Las exequias de ese vienes tarde, presididas por don Sebastián, fueron entrañables en el afecto y respeto a la muy apreciada señora, acudiendo a la parroquia centenares de vecinos del barrio donde vivía y de otras zonas de la localidad montillana, todos ellos acompañando a los tres miembros de la familia Partal Alegría, visiblemente compungidos. La jornada del sábado fue dedicada por la familia de Lorenza para ordenar el contenido la casa. En principio habían decidido no mantener el alquiler de renta antigua, pues no tenía sentido ya que ellos residían en Málaga, en cuya facultad de Ciencias económicas estudiaba Auri. Sin gran dificultad hallaron una carta manuscrita de Lorenza, en la que a modo de voluntad testamentaria dejaba a su nieta Aurora todo el contenido y valores de la vivienda, documento que el lunes llevaron a una notaría del municipio para su completa legalización. La amabilidad y buena disposición del notario, que se comprometió a gestionar la documentación correspondiente cobrando la tarifa mínima, fue muy valorada y agradecida por Claudio y Alfonsa.

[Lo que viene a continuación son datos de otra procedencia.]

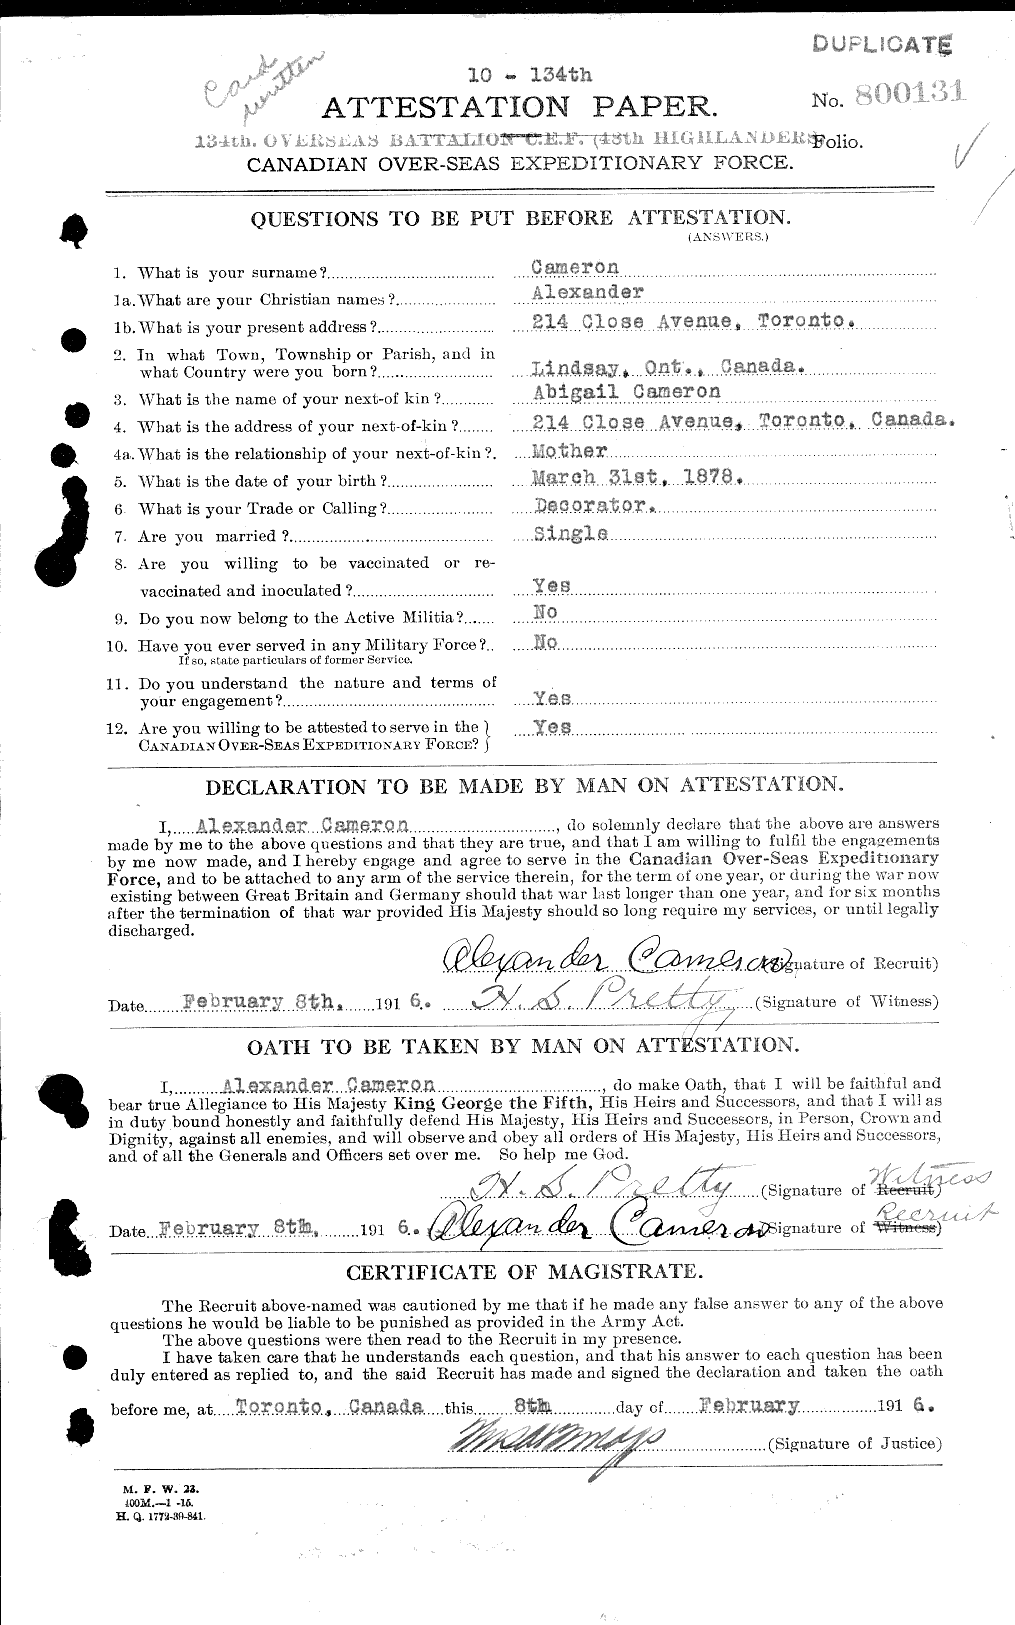 Dossiers du Personnel de la Première Guerre mondiale - CEC 000792a

Durante ese fin de semana, mientras estaban reunidos para el almuerzo y la cena, comentaron con emoción el número tan elevado de personas que habían querido estar presentes en la despedida de Lorenza, mostrando su cariño y respeto a la misma. Les extrañaba la gran afluencia de asistentes, porque la abuela tenía un carácter donde resaltaba la privacidad, la modestia, siempre huyendo (por su serena timidez) de cualquier alarde o protagonismo social. En esa masa vecinal presente en la ceremonia religiosa destacaban, de forma mayoritaria, personas de muy modesta condición, principalmente campesinos y jornaleros, que trabajaban con abnegada dureza a fin de poder llegar económicamente a final de mes con sus familias, o incluso aquellos otros que tenían que acudir a la parroquia para pedir algo de ayuda material, cuando soportaban esos meses de paro laboral, cuando no había oferta de trabajo en el campo. Decía Alfonsa, con lágrimas en los ojos:

” La verdad es que no creía que mi madre fuese una persona tan apreciada y conocida en el pueblo, cuando casi siempre gustaba de permanecer en su domicilio, laborando con su crochet, leyendo sus novelas (ejemplares que sacaba en préstamo de la biblioteca pública municipal)  o pegada a un viejo receptor de radio, muy querido y apreciado, ya que lo había recibido como regalo de aniversario del “papá” Arcadio. ¡Las horas que dedicaba a la cocina, elaborando esos bizcochos redondos, rellenos de crema de chocolate y regados con almendras, azúcar glaseada y naranja confitada! Sé que muchos de esos dulces los regalaba a don Sebastián, un alma bendita y también muy golosa, a sus vecinas o a esos críos que apenas tenían para merendar un trozo de pan con media libra de chocolate y que recibían alborozados un trocito de bizcocho de la “señá” Lorenza”.

Ya el lunes por la tarde tenían previsto regresar a Málaga, pues Claudio y Alfonsa tenían que volver a sus respectivos trabajos. Sin embargo, su hija Auri, que se había llevado los apuntes de Estadística a Montilla, para estudiar el examen del próximo viernes, tomó la decisión de quedarse unos días más en el piso de la abuela, espacio entrañable en donde había pasado tantos días de su infancia y adolescencia, para dedicarse al estudio con tranquilidad y concentración, mezclando el esfuerzo intelectual con largos paseos por los alrededores rurales, sembrados de olivos, de la localidad que tan bien conocía. Acordó con sus padres de que tomaría el bus del jueves a las 17 h, con dirección a Málaga. También pensaba entretenerse, en los momentos de descanso, rebuscando en los cajones del armario y el mueble comodín, aunque era consciente que a su abuela no le gustaba ostentar joyas ni lujosos abalorios., pues vestía modestamente y ya siempre de negro desde que perdió a su amado de inolvidable Arcadio.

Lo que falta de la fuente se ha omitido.